--- Stored data ---

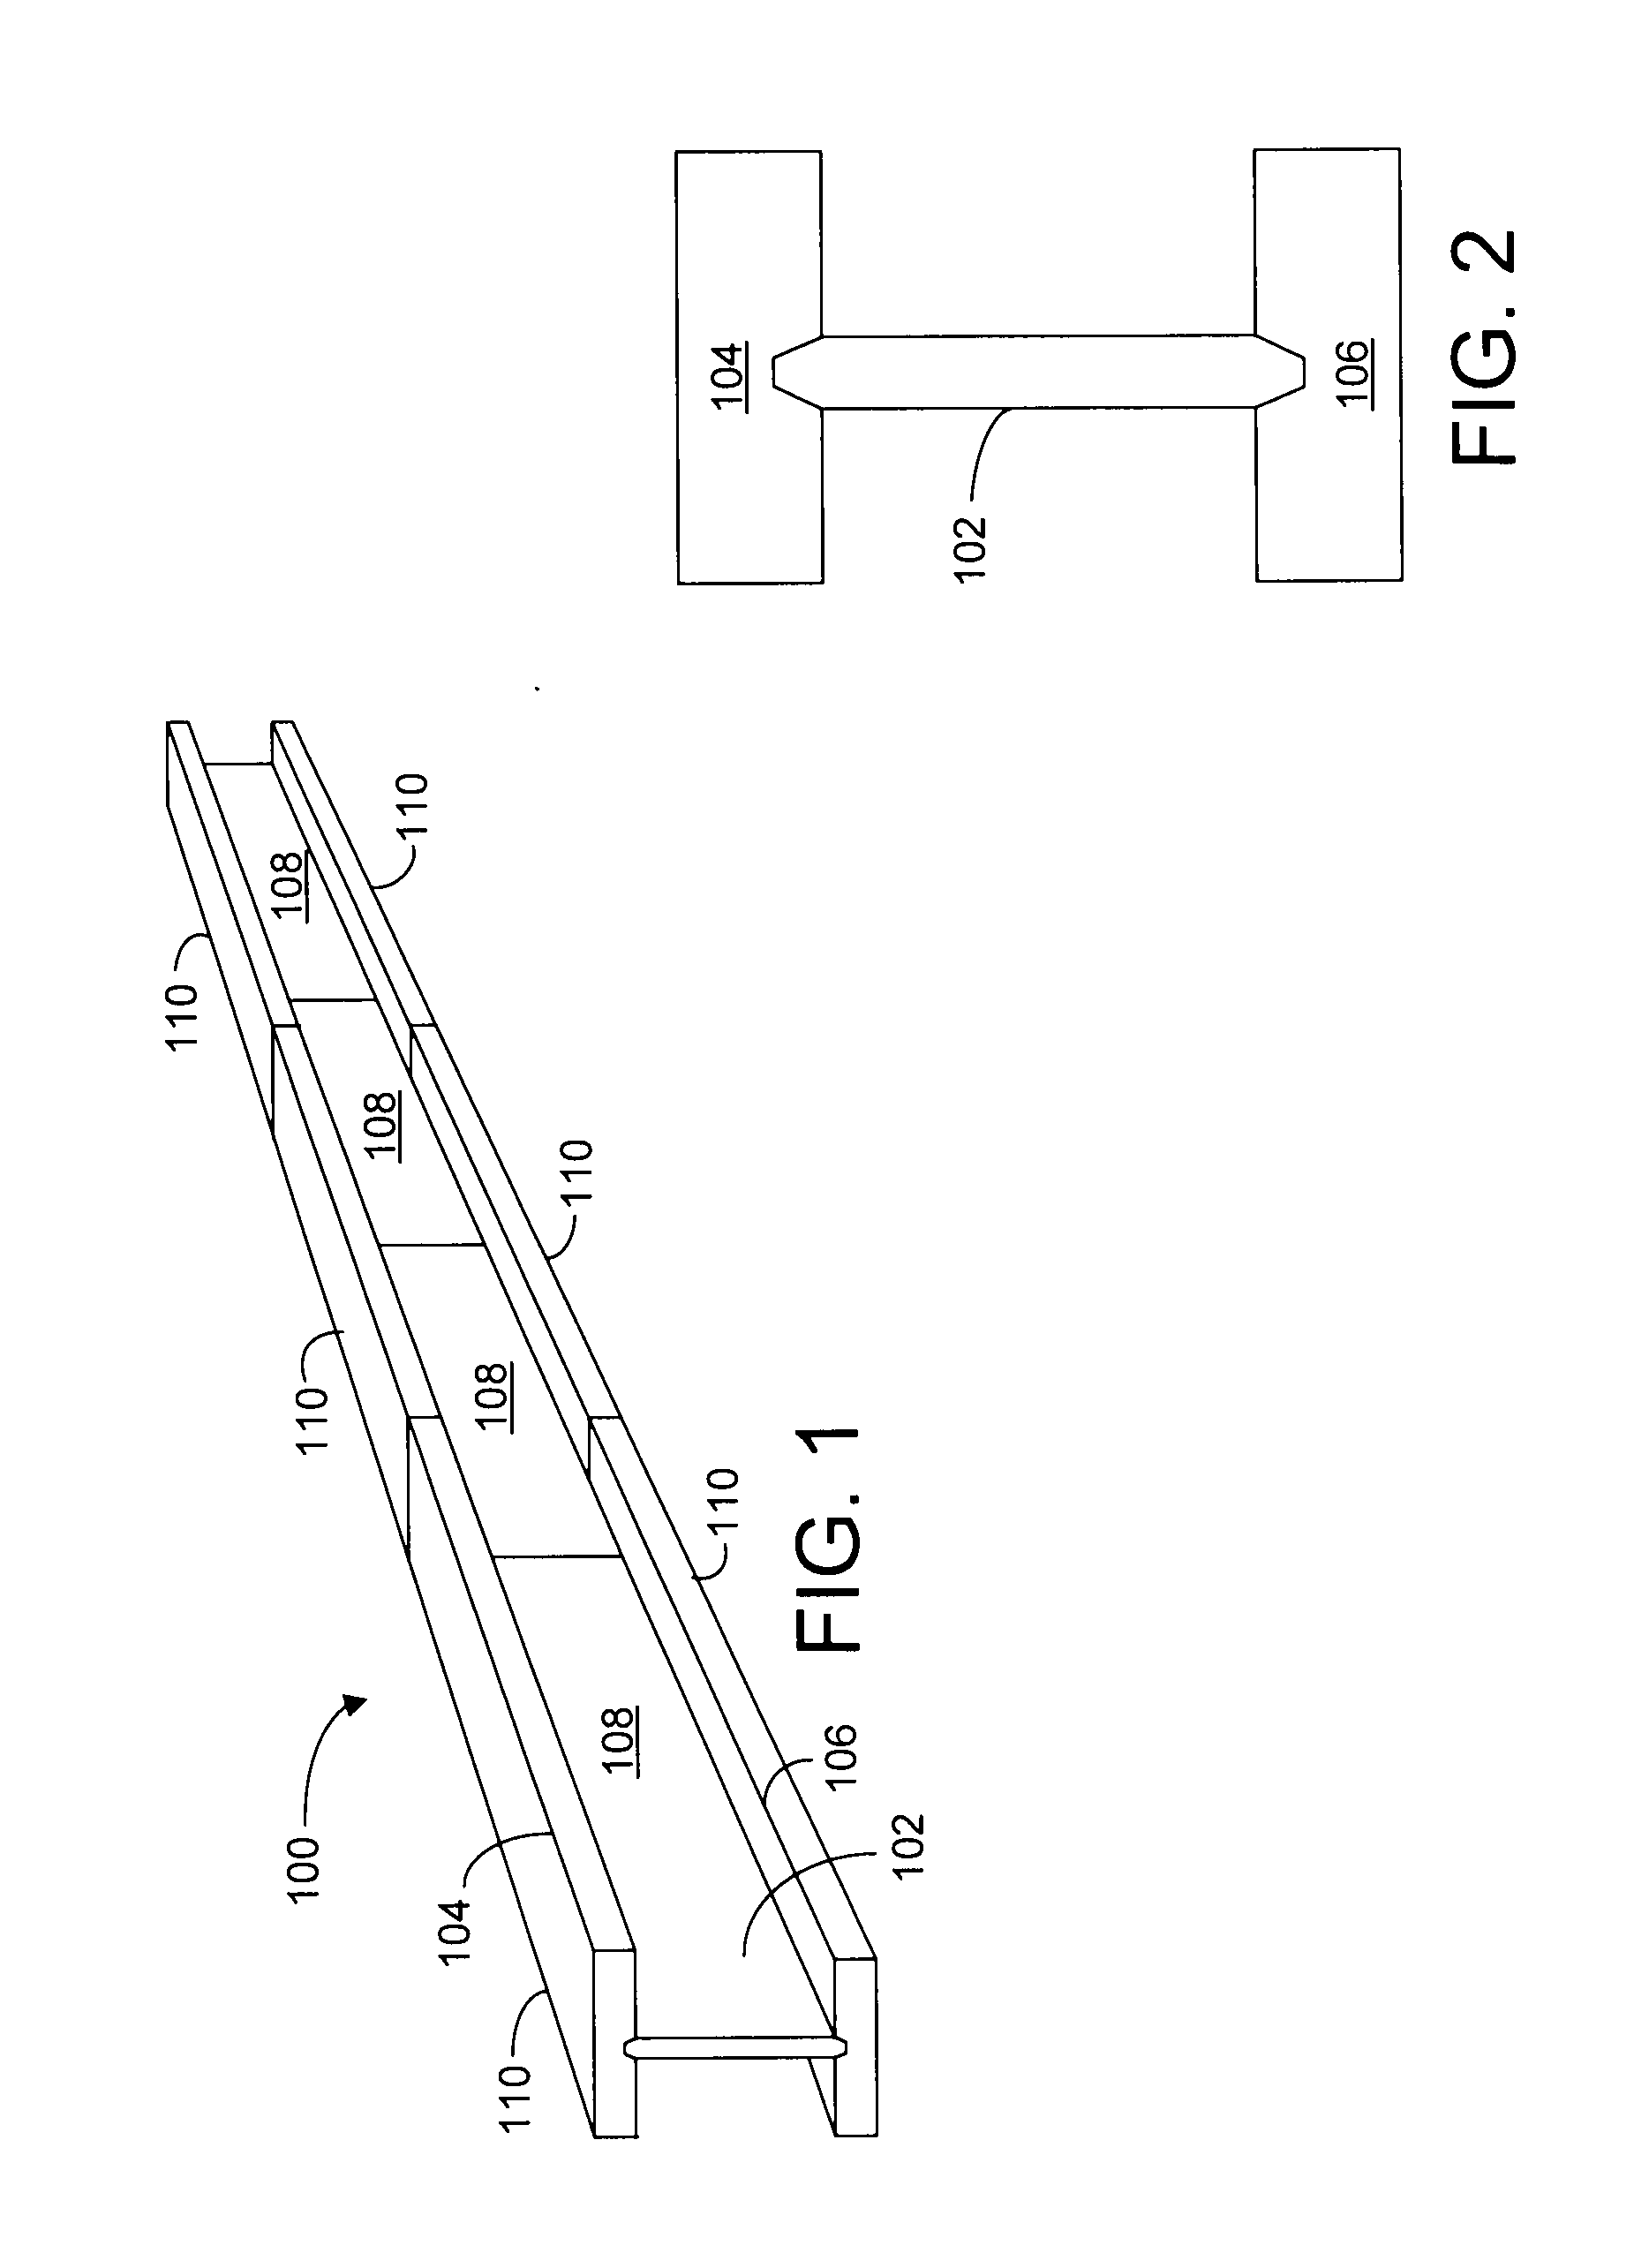 Preservative-treated i-joist and components thereof
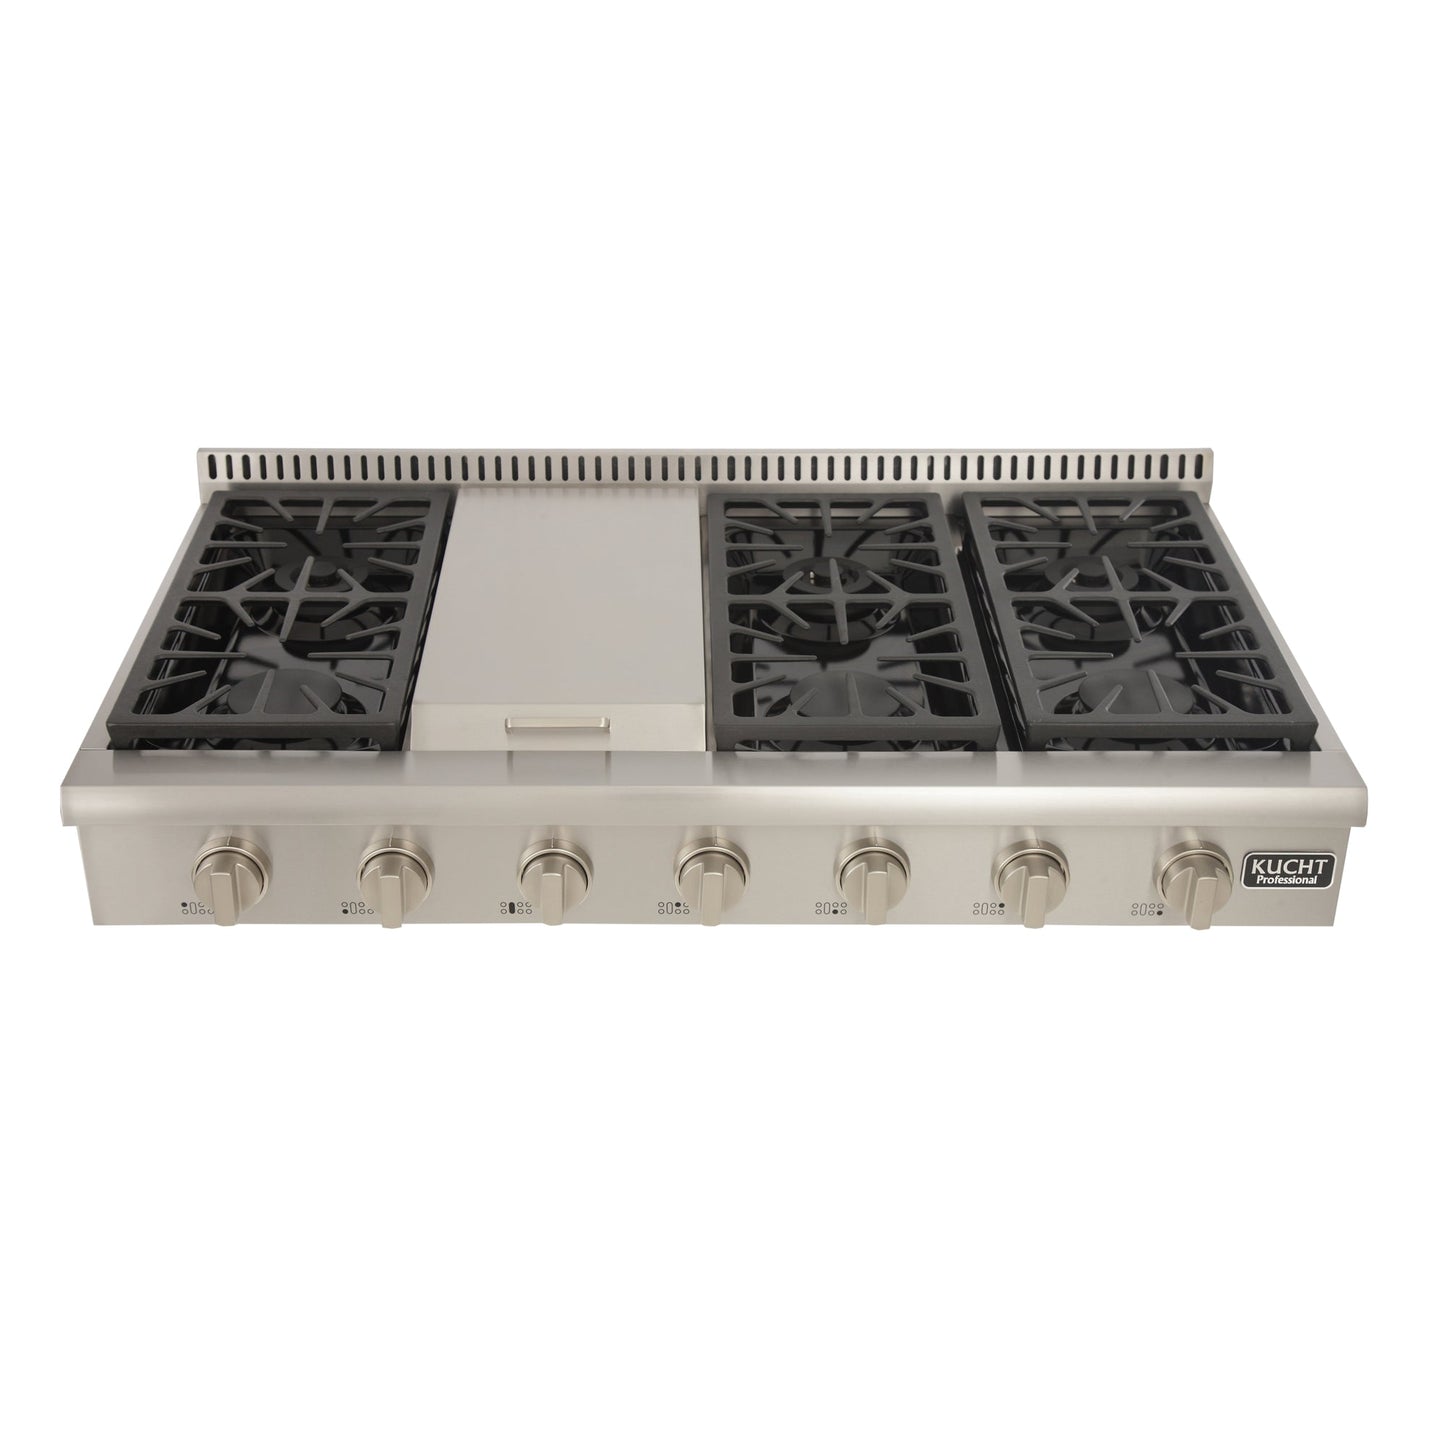 Kucht KRT Series 48" Natural Gas Range-Top With 6 Burners, Griddle and Classic Silver Knobs
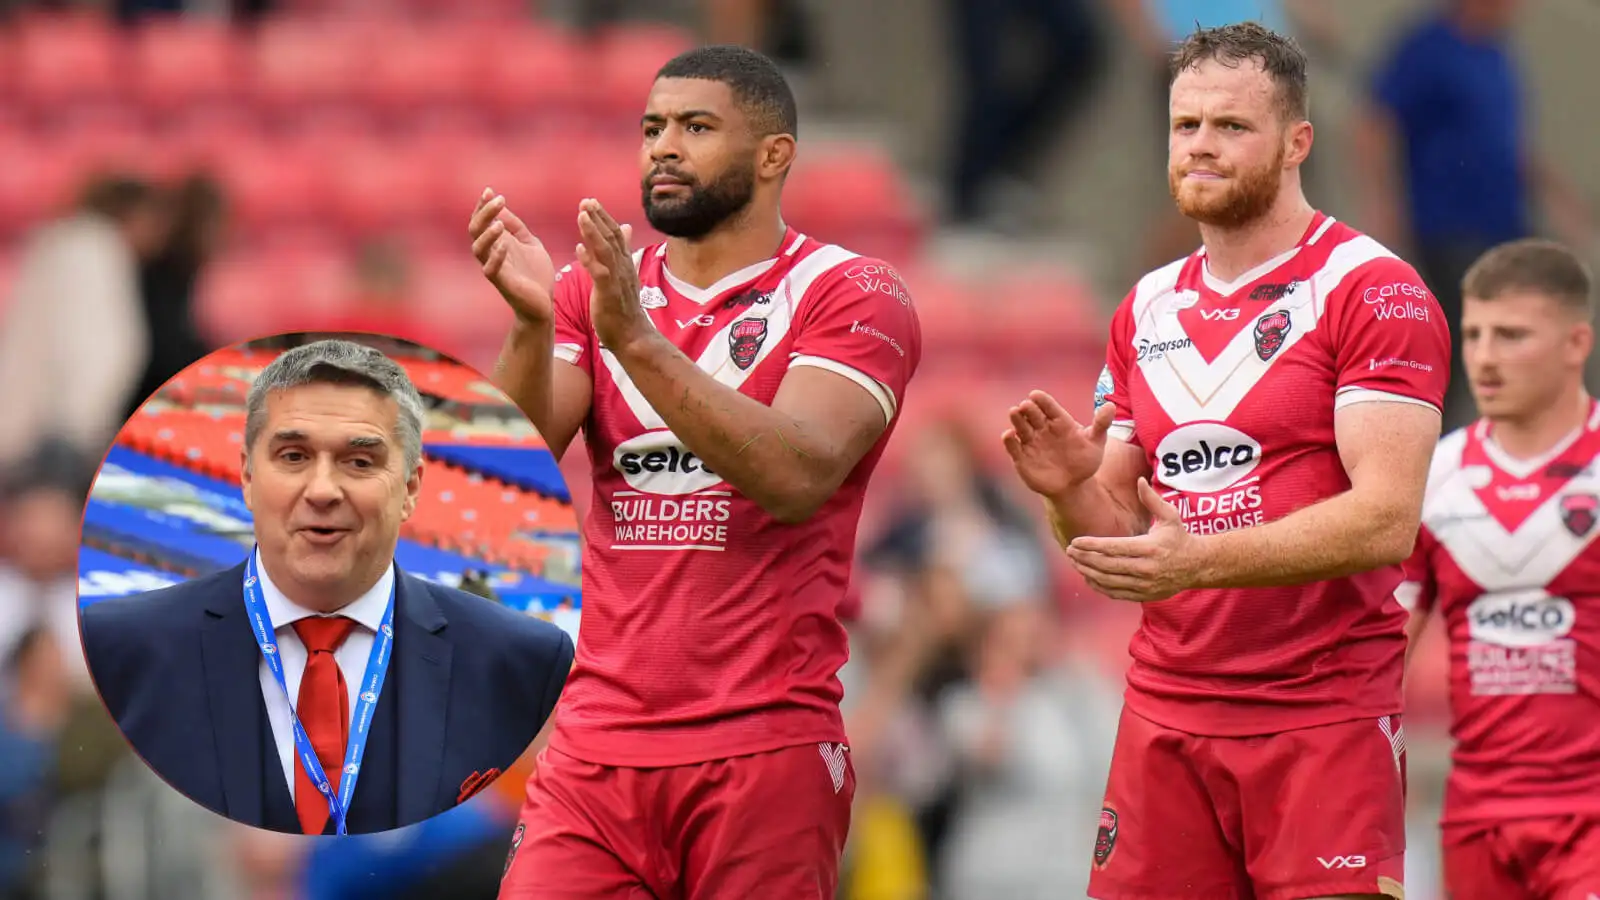 Let the stars play: Salford Red Devils MD believes Match Review Panel process is ‘ruining the game’ and labels system ‘insane’

---

▶ [What the task requires] Could you copy each line above exactly as written, minus any pictures?

▶ [Output of the exercise]
 Preservative-treated i-joist and components thereof
 Kucht KRT Series 48" Natural Gas Range-Top With 6 Burners, Griddle and Classic Silver Knobs
 Let the stars play: Salford Red Devils MD believes Match Review Panel process is ‘ruining the game’ and labels system ‘insane’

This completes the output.